Hey all, I'll be traveling to Ireland with the family for 10 days in mid-July. The wife has given me 2 days to get out and hit up some trails. I'm a seasoned XC racer, but don't have much enduro or downhill experience... I prefer both wheels on the ground most of the time. 

We'll be in Dublin for 3 days and Galway for 3... the 5 days in between have yet to be decided as to where we'll go, but it will likely be further north of Galway on the west coast.

Any ideas of some can't miss trails around Galway or Dublin?
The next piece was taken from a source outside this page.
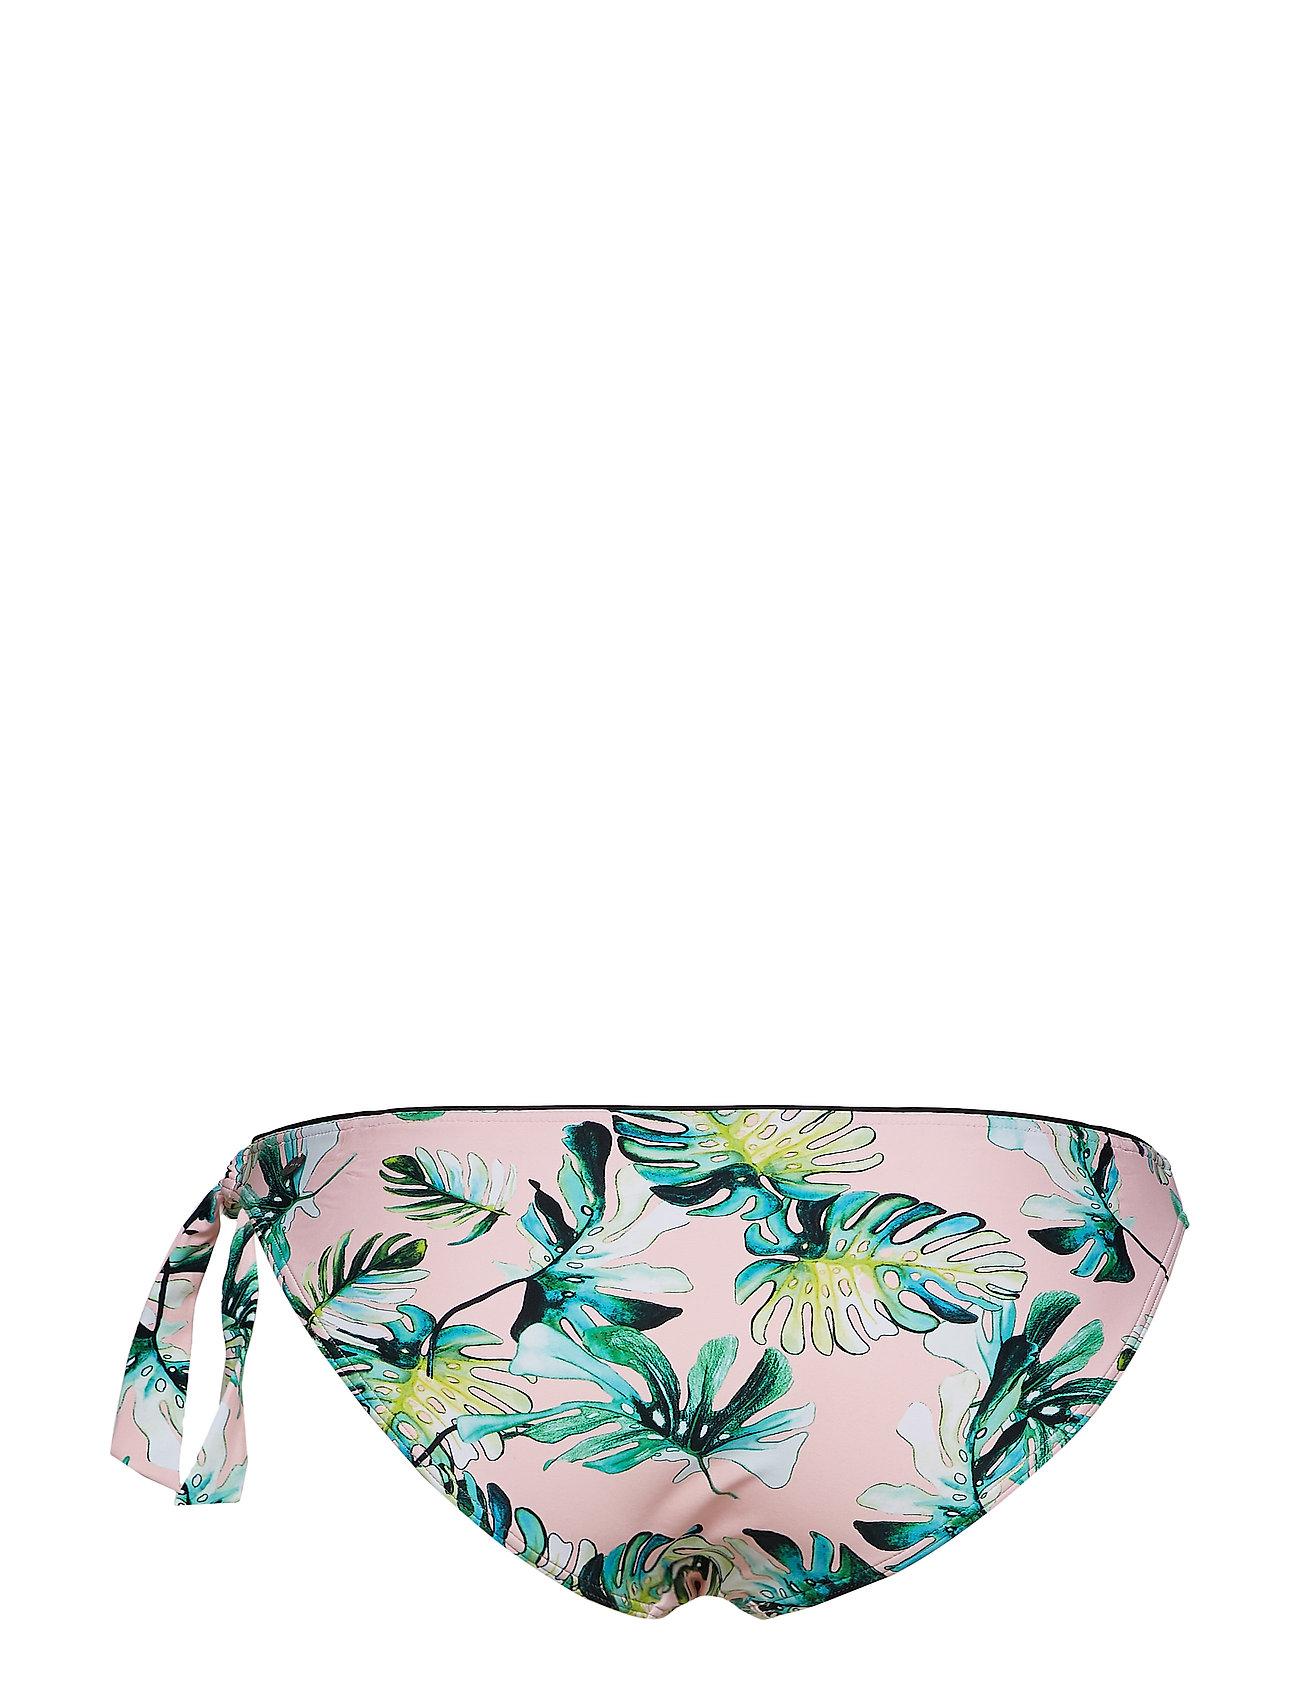 Esprit Bodywear Women Beach Bottoms - Swimwear LIGHT PINK

Any other recommendations? I can probably make reason to go to a certain part of Ireland if there is a can't miss trail somewhere else. 

Thanks!


----------



## Donncha (May 7, 2011)

Here are some ideas:

Mountain Bike Northern Ireland - Mountain Bike Trails Ireland

Trailbadger.com - Mountain biking trails on the island of Ireland

https://www.coillte.ie/site/derroura/

https://www.redbull.com/ie-en/5-of-the-best-trail-centres-in-ireland-red-bull

Around Galway check out Derroura, in Dublin have a look at Ticknock and Ballinastoe.
Rostrevor & Castlewellan aren't too far from Dublin (less than 2 hrs drive).
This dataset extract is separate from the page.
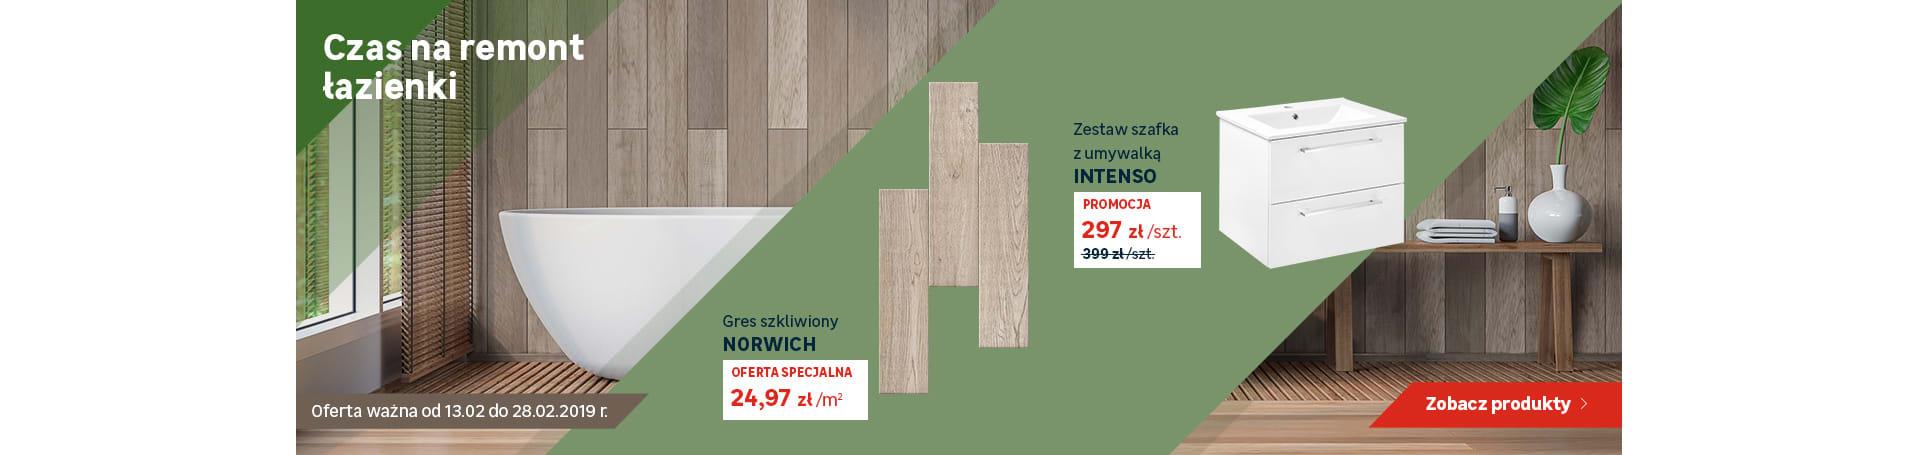 sk-glazura-gresy-linia1-13-20.02.2019-1323x455

I'd suggest a day doing the reds in Rostrevor followed by a day doing the Tain way in Carlingford would be time well spent. I could be tempted to join you....


----------



## str8edgMTBMXer (Apr 15, 2015)

dude...i will be there over the same time on my honeymoon! I don't think I will get to bike much off road given our plans, but will definitely be scouting for the return trip...


----------



## Mugochap (Nov 12, 2010)

Thanks for the suggestions Donncha. Derroura looks like pretty cool. Ticknock looks great because it appears I can hire a bike right there at the trailhead... that would definitely be super convenient.


----------